Me di cuenta que crecí


Por Francisca Sánchez Terrero

Me di cuenta de que crecí cuando empecé a pagar OSDE. 

Nunca había tenido una mínima noción de lo que valían las cosas y arranqué pagando el servicio más caro y con más frecuencia de actualizaciones del planeta. 

Lo que más me indignó fue que Tini, mi hermana más grande, empezó a pagarlo el mismo día que yo. Al tener 4 años más, caí en la comparación inevitable entre hermanas. Me moría de envidia de que le hayan regalado 4 años de infancia y me indignaba pensar en la idea de que a mí me los habían robado. Mis papás podrían haber esperado 2 años para hacerme adulta o ir en escala, pero decidieron hacernos a Tini y a mí grandes a la misma vez. Había varias formas de hacerlo.

Yendo a números concretos, de mi sueldito de $3000 de ese momento, $1000 se me iban en médicos que no usaba. 

Una vez les hice el planteo a mis viejos:

– Me quiero ahorrar la plata de OSDE, porque no lo uso realmente, dije. 

– Dejá de pagarlo y te hacemos cargo de las expensas del departamento… respondieron.

Ok, no podía safar. Entendido.

Me carcomía la cabeza pensando en que le regalaba un tercio del sudor de mi frente a una empresa a la que no le generaba gasto alguno. ¡Era el cliente ideal!

Un día descubrí una forma de ganarle al sistema, cosa que parecía imposible: los reintegros. 

En ese momento estaba atravesando una crisis existencial por lo que una vez por semana iba a ver a Ceci, una psicóloga que amaba y que me pagaban mis papás aparte, porque no estaba en la cartilla de OSDE. Armé un plan para recuperar mi inversión gracias a Ceci, que hacía las facturas a mi nombre.

Por tres meses las fui guardando en el segundo cajón de mi mesa de luz, como un tesoro.
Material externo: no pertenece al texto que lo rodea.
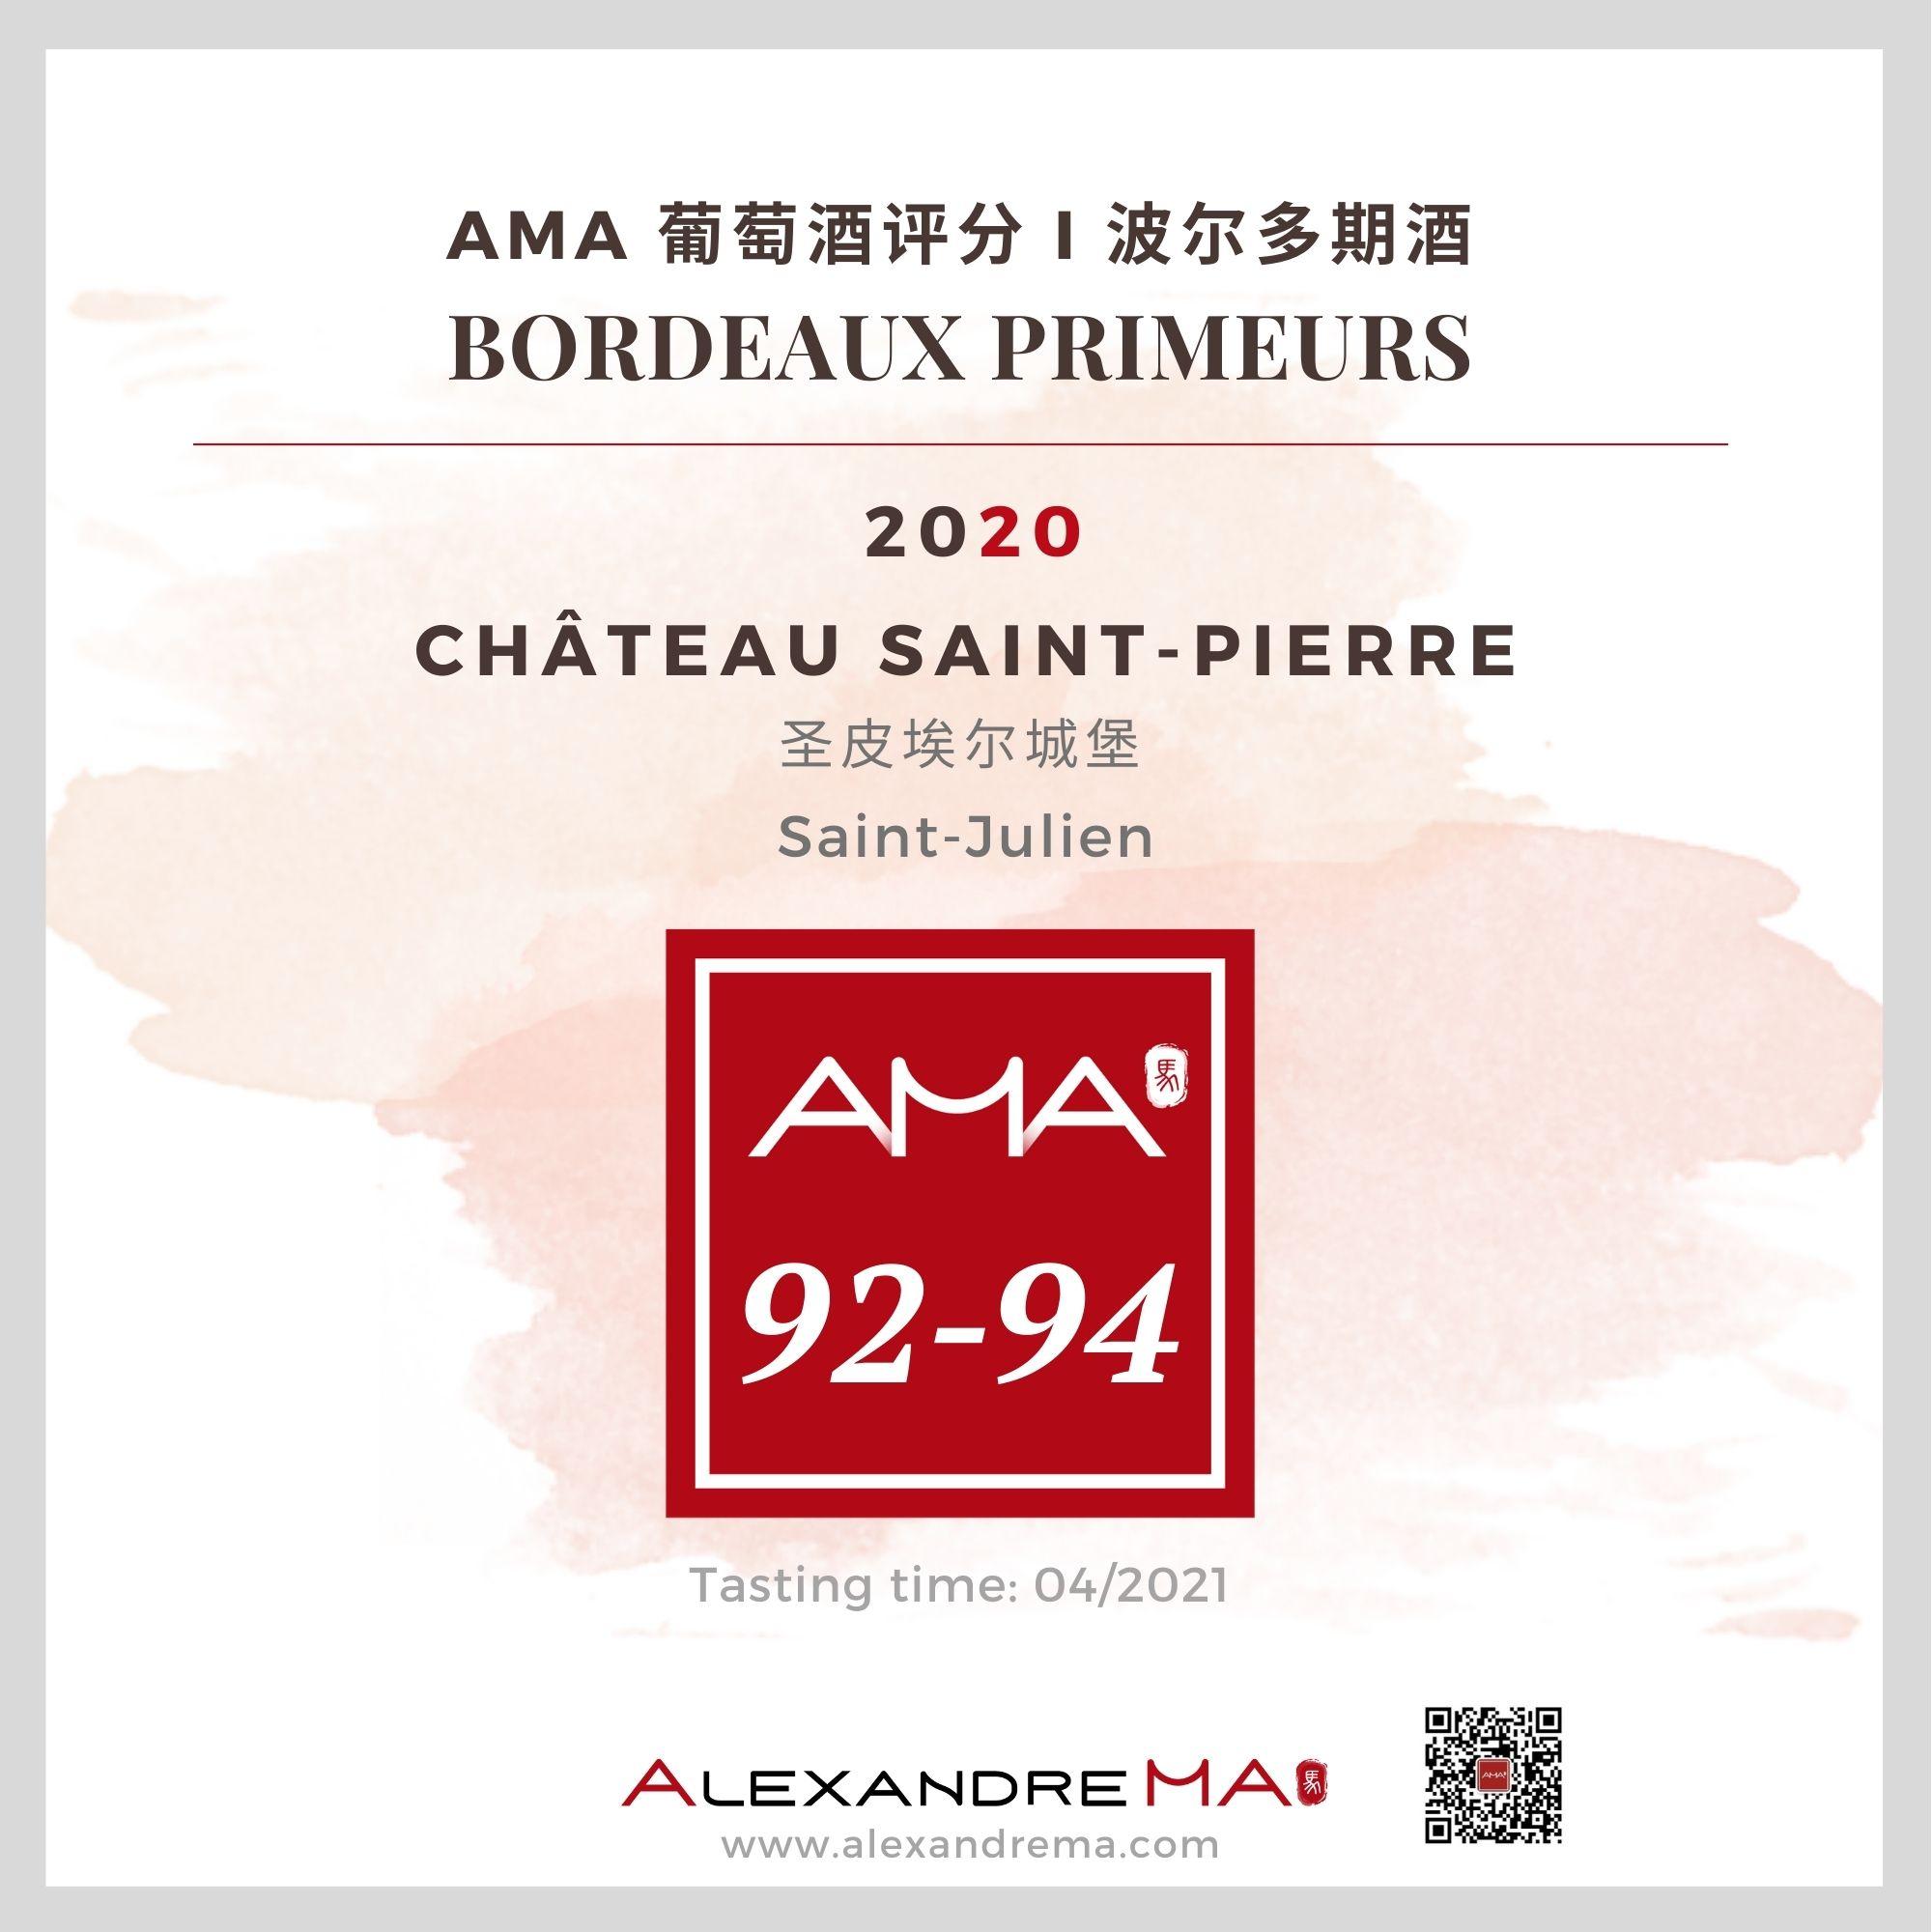 Château Saint-Pierre 2020 圣皮埃尔城堡 - Alexandre Ma
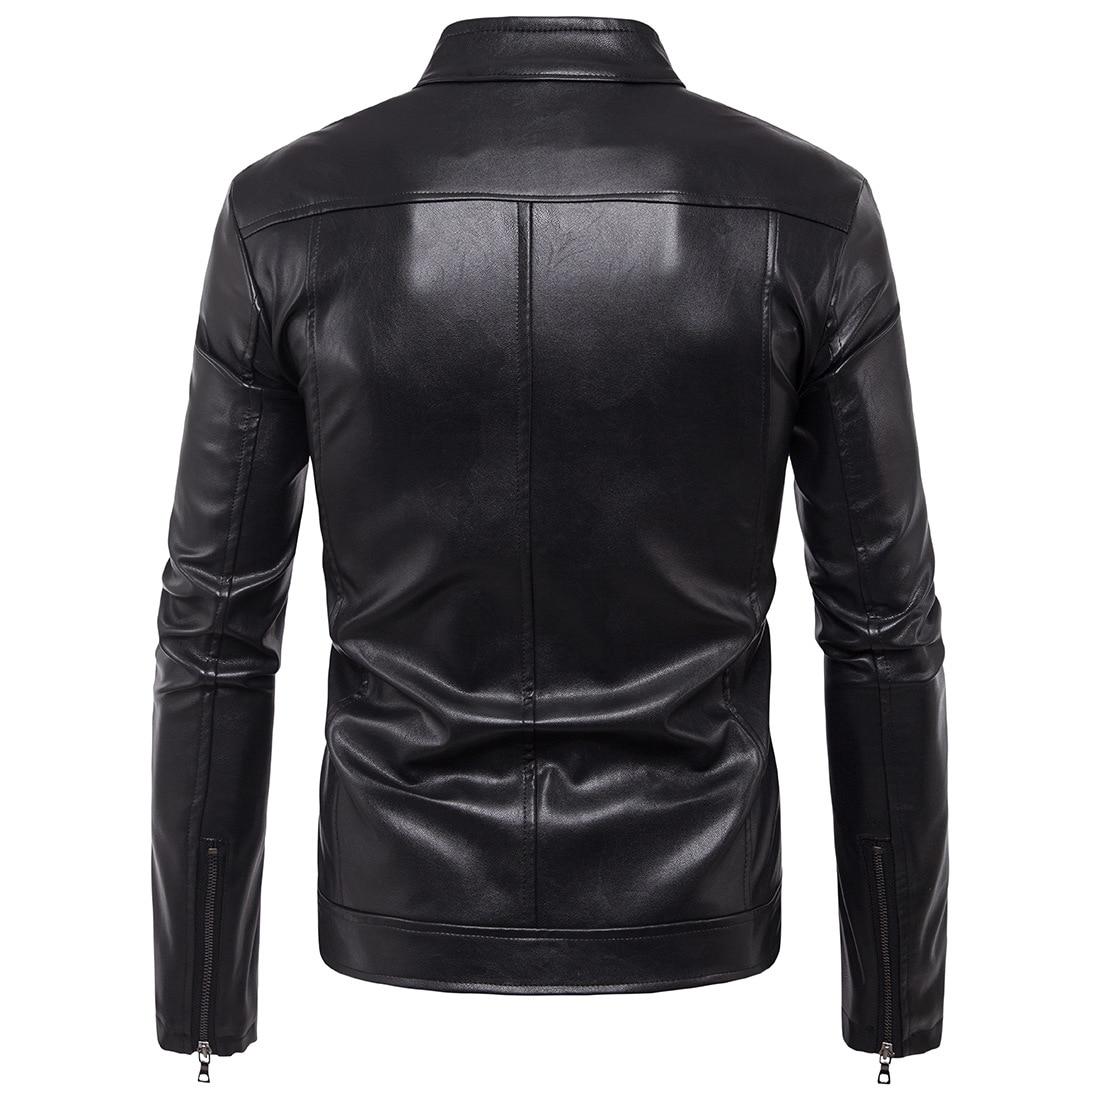 Ouma 2019 New Style Men Locomotive Rivet Leather Coat Handsome Leather Jacket Coat For B007

Una por semana. Junté diez en total (a una sesión falté y a otra me había olvidado de pedirle). Diez me pareció un número que estaba bien. No eran ni demasiadas facturas que llamen mucho la atención ni tan pocas que no justificaban el trámite. 

Una mañana, antes de ir a la facultad, metí mi oro en polvo en un sobre. Las miré por última vez y lo cerré con una delicadeza exagerada. Entré a la oficina de OSDE, me paré en frente al buzón de trámites autogestionables y lo dejé deslizar por la ranura. Volví a casa pensando en el gran día en el que me hiciera de esa plata, en cuántas cuotas recuperaría. ¿Una? ¿Dos? Me brillaban los ojos mientras me lo imaginaba. 

Esperé una semana, pasaron dos, se cumplió un mes y aún sin novedades. Llamé por teléfono, me atendió una chica super amable. Yo le hablé bastante indignada, le expliqué la situación de mi nueva adultez, de Ceci, de las diez facturas, del sobre cerrado exageradamente bien, de mi oro en polvo, de mi mesita de luz, de Tini, de nuestra infancia y un millón de cosas más que a nadie le importaban, solo a mí. Cuando finalmente dejé de hablar, la chica me explicó que según sus registros, el pago del reintegro se había hecho hacía SE-MA-NAS a la cuenta del titular de OSDE, a la persona beneficiaria de todos los reintegros. Esa persona era mi papá. 

 


El texto surgió en el Taller de Escritura Creativa de Revista Wacho.